Nickerson H J, Silberman T, Park R W, DeVries E O, Broste S K
Department of Pediatrics, Marshfield Clinic, Wisconsin 54449, USA.
J Pediatr Hematol Oncol. 2000 Jan-Feb;22(1):50-4. doi: 10.1097/00043426-200001000-00010.
The aims of this study were to evaluate the response of oral iron treatment in children with iron deficiency anemia (IDA) fed whole cow's milk (WCM) or soy formula; to compare the incidence of fecal blood loss in infants fed WCM and soy formula; and to evaluate the incidence and relation of protein-losing enteropathy (PLE) and IDA by testing serum albumin, fecal blood loss, and fecal alpha1-antitrypsin (alpha1AT).
Twenty-four children with nutritional IDA were randomly assigned to receive either 16 oz WCM or soy formula daily. Both groups were treated with daily therapeutic oral iron during 12 weeks. Stool specimens for hemoglobin losses were collected at weeks 0, 3, 6, and 12. Levels of serum albumin and fecal alpha1AT were tested at diagnosis and when IDA was corrected.

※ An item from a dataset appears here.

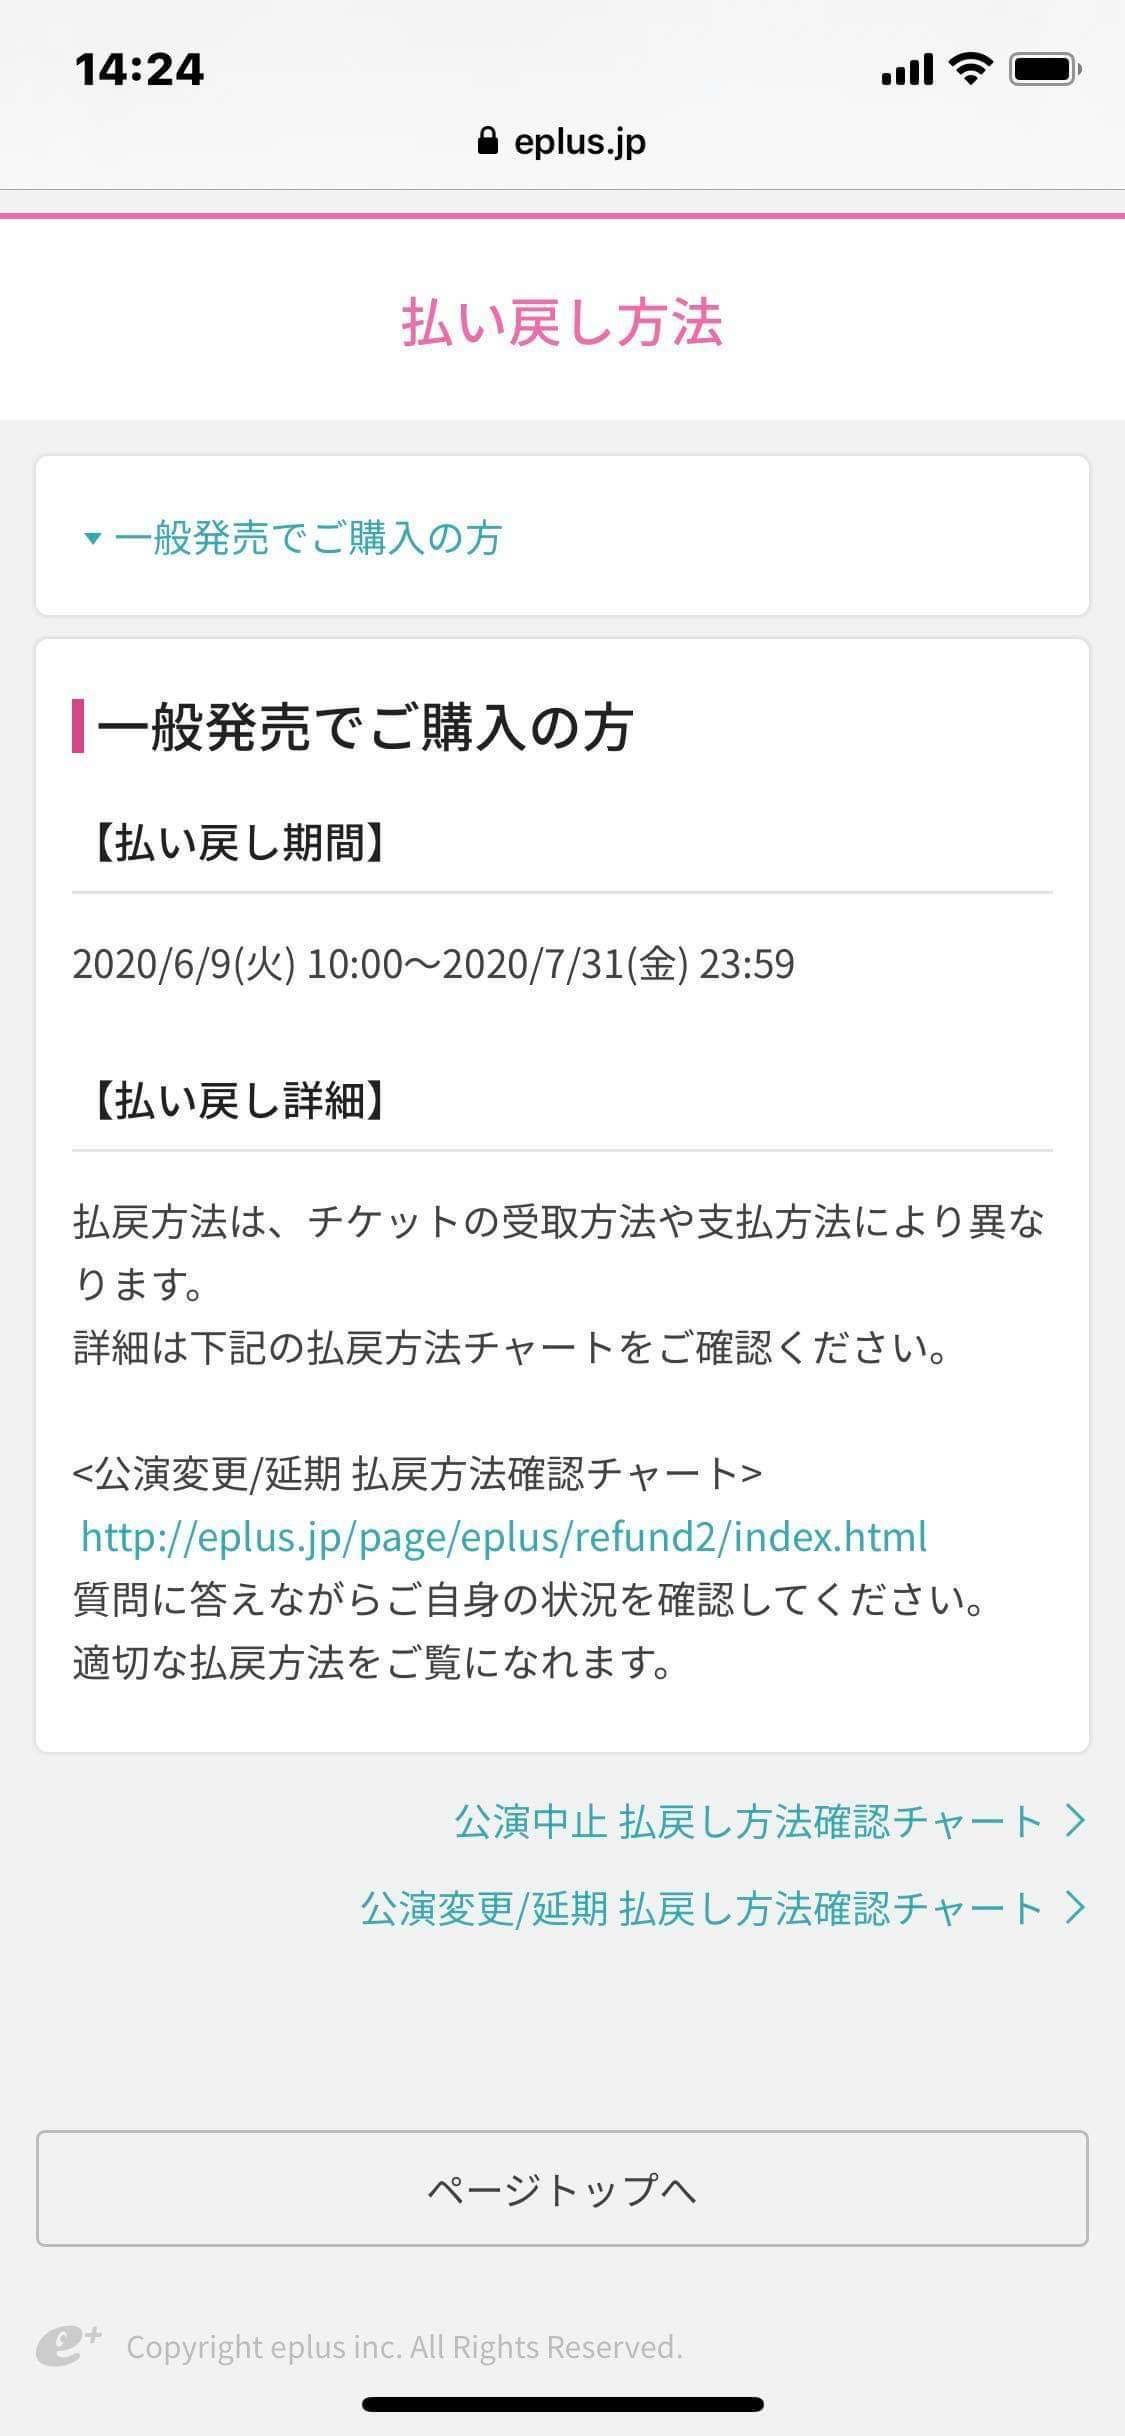 苦渋の決断…でも infixワンマンライブ延期・30thカウントダウンへ!_b0183113_17275507.jpeg

Anemia was corrected in 21 of the 24 children by week 6 or 12. Median fecal hemoglobin losses were not increased in either group at diagnosis or during treatment. Seven of 24 children had PLE at diagnosis with elevated fecal alpha1AT levels of 72 to 381 mg/dL that returned to normal after correction of IDA. Their initial fecal alpha1AT levels averaged 170 mg/ dL at diagnosis and 21 mg/dL after the IDA was corrected. Excessive WCM intake of 30 oz/day or more was present in 63% of the infants.
Treatment of nutritional IDA with oral iron was just as effective with a limited quantity of either WCM or soy formula. Fecal hemoglobin losses were uncommon and did not differ in children at diagnosis or during treatment of IDA. PLE associated with IDA resolves when the IDA is corrected, but differences between children fed WCM or soy formula could not be detected.

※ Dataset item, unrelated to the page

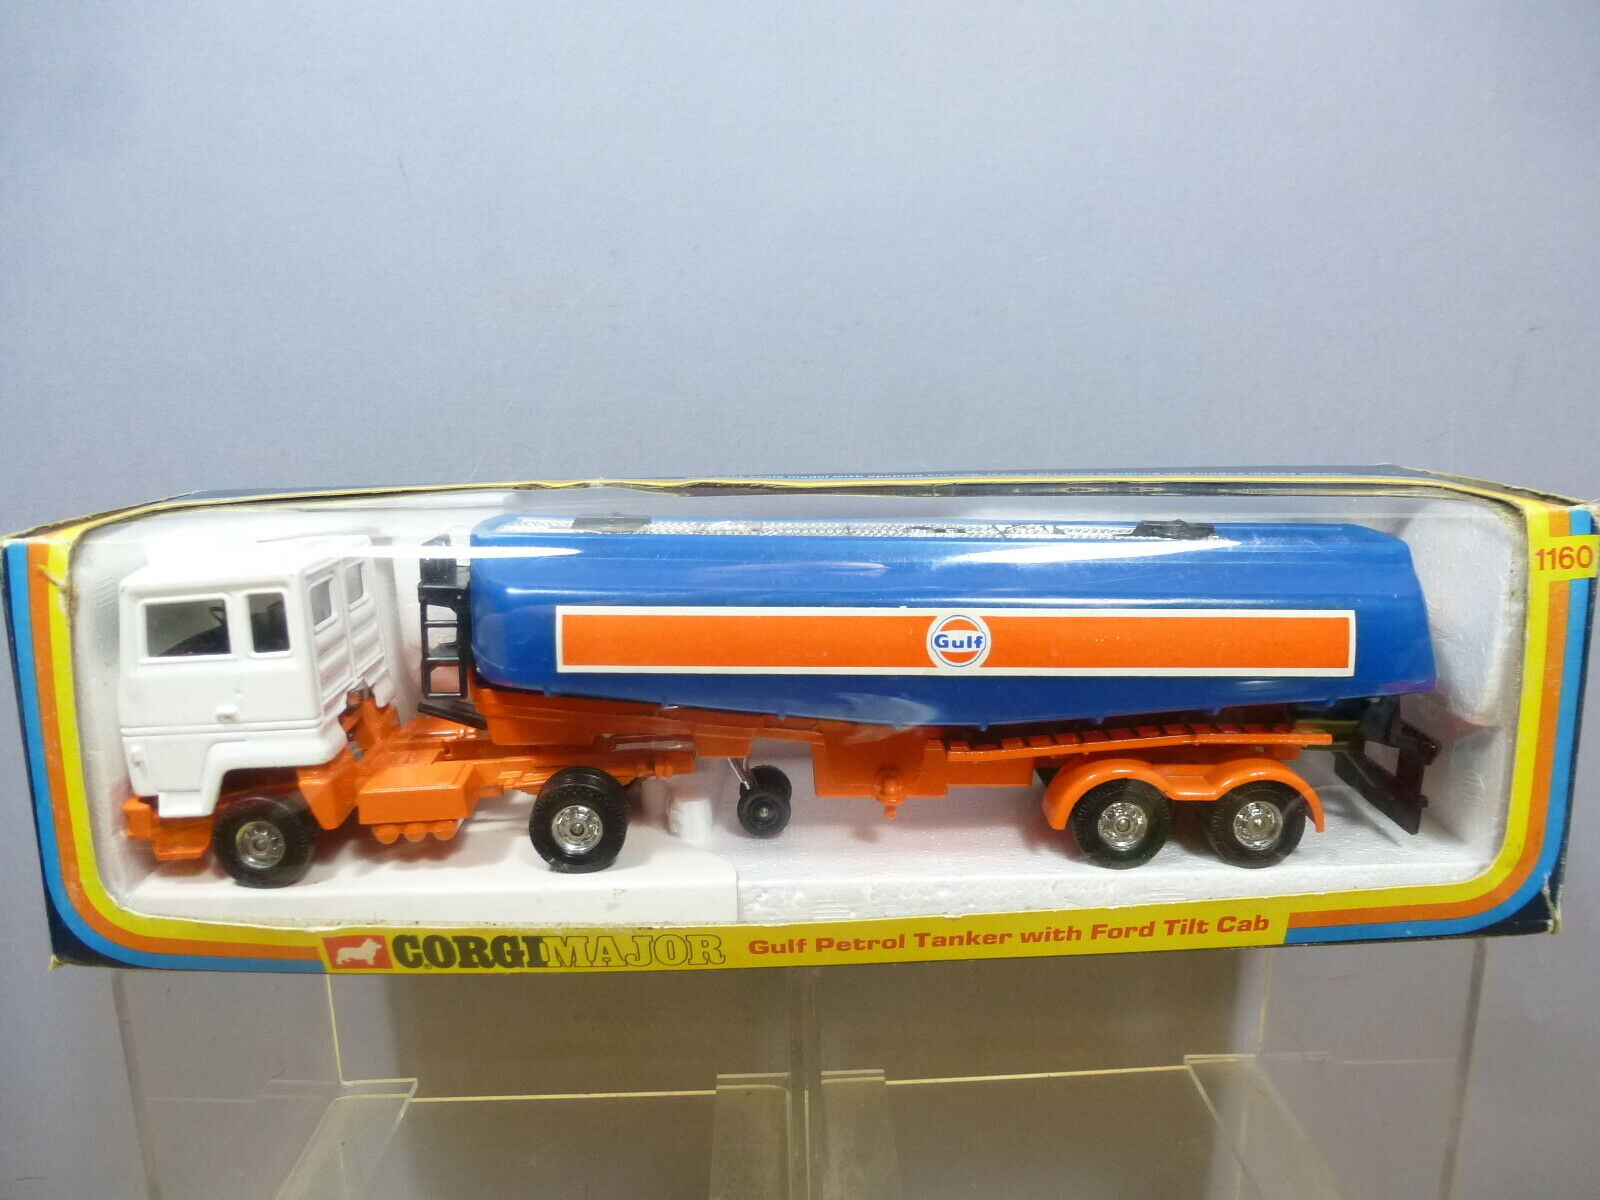 Vintage Corgi Toys Modelo No.1160  Gulf  Petrol camión cisterna Ford inclinación Cab MIB

本研究旨在评估缺铁性贫血(IDA)患儿食用全脂牛奶(WCM)或大豆配方奶粉时口服铁剂治疗的反应;比较食用WCM和大豆配方奶粉的婴儿粪便失血的发生率;并通过检测血清白蛋白、粪便失血和粪便α1-抗胰蛋白酶(α1AT)来评估蛋白丢失性肠病(PLE)与IDA的发生率及关系。

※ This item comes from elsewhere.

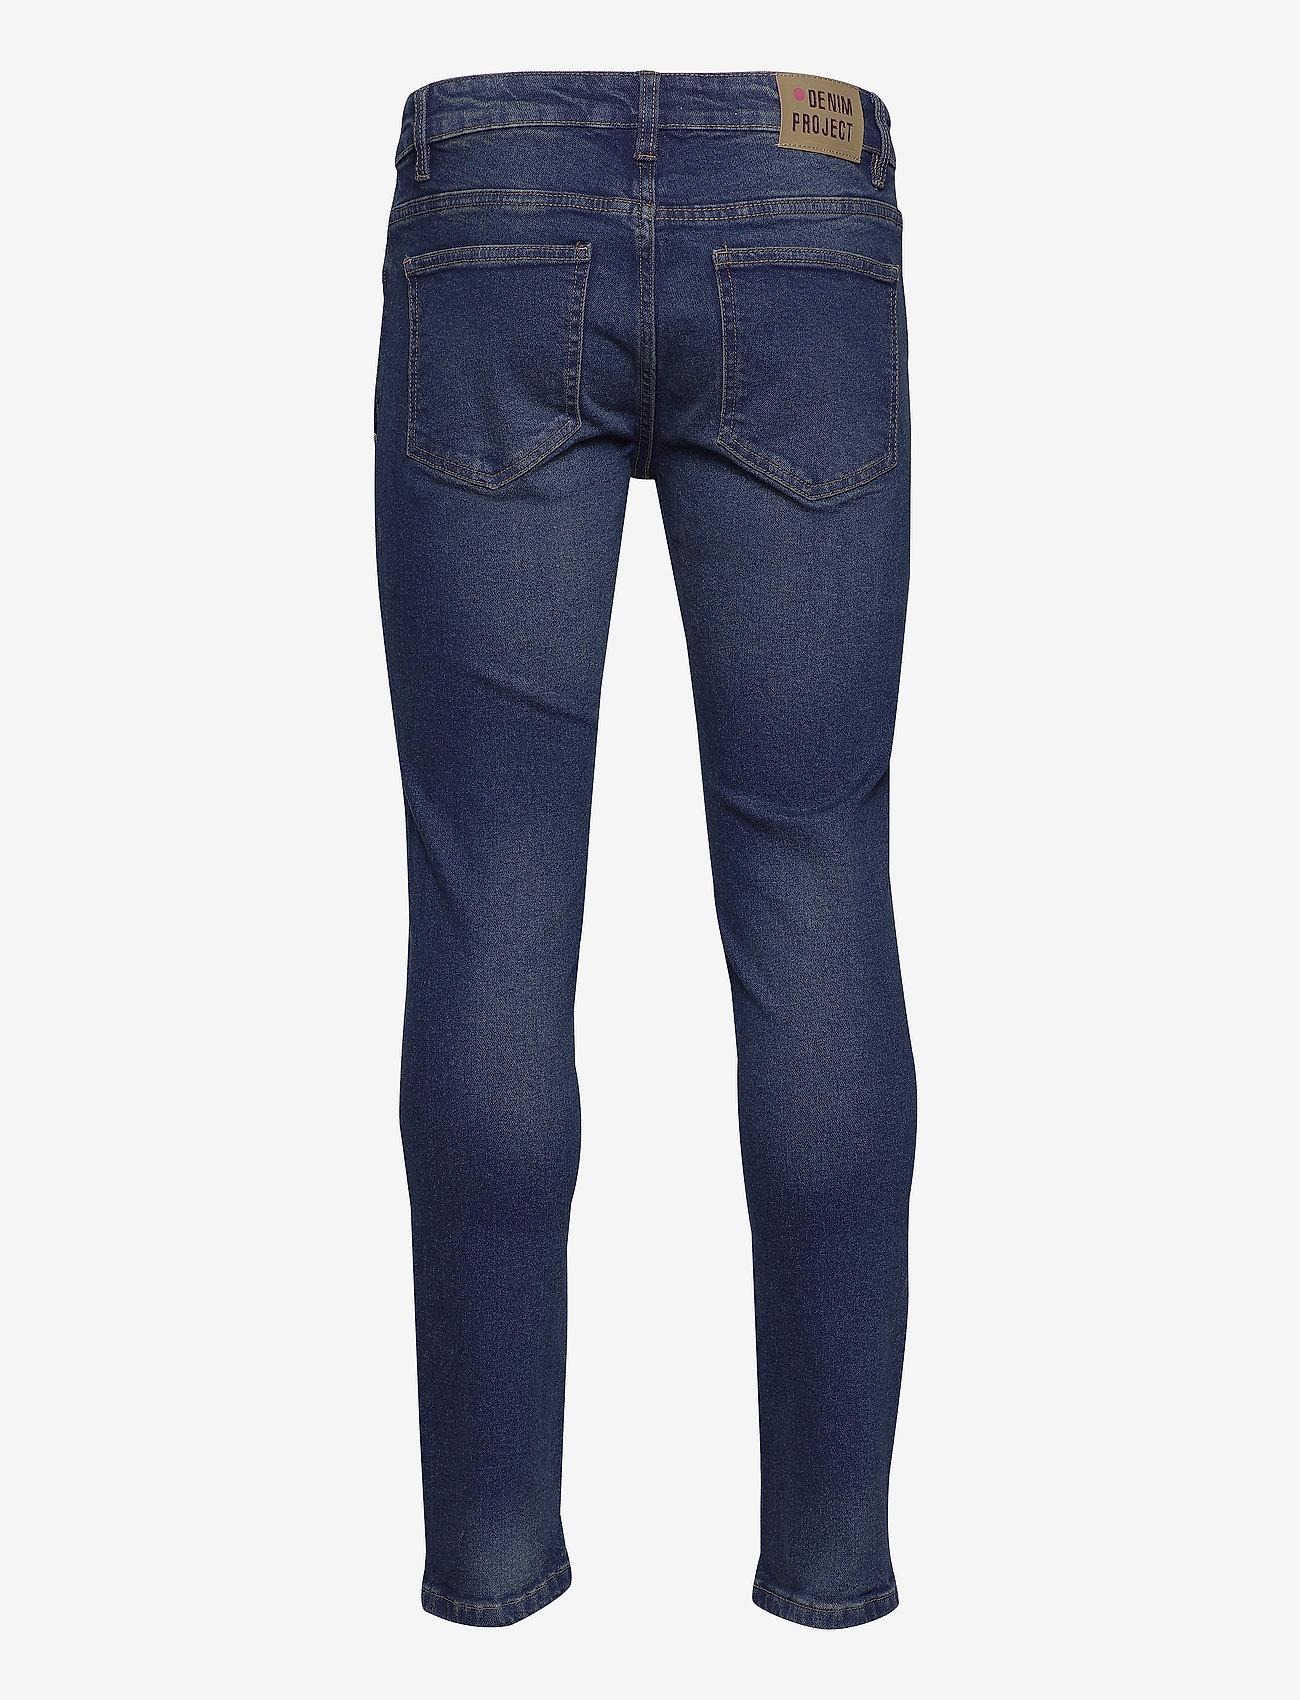 Denim project - Mr. Red - slim jeans - vintage blue - 1

24例营养性IDA患儿被随机分配,每天分别接受16盎司WCM或大豆配方奶粉。两组均在12周内每日接受口服治疗性铁剂。在第0、3、6和12周收集粪便标本以检测血红蛋白丢失情况。在诊断时及IDA得到纠正时检测血清白蛋白和粪便α1AT水平。
到第6周或12周时,24例患儿中有21例贫血得到纠正。两组在诊断时或治疗期间粪便血红蛋白丢失的中位数均未增加。24例患儿中有7例在诊断时有PLE,粪便α1AT水平升高至72至381mg/dL,IDA纠正后恢复正常。他们诊断时粪便α1AT的初始水平平均为170mg/dL,IDA纠正后为21mg/dL。63%的婴儿存在每日摄入30盎司或更多WCM的情况。
用口服铁剂治疗营养性IDA时,无论食用有限量的WCM还是大豆配方奶粉,效果都一样。粪便血红蛋白丢失不常见,且在IDA诊断时或治疗期间患儿中无差异。与IDA相关的PLE在IDA纠正后可缓解,但未检测到食用WCM或大豆配方奶粉的患儿之间存在差异。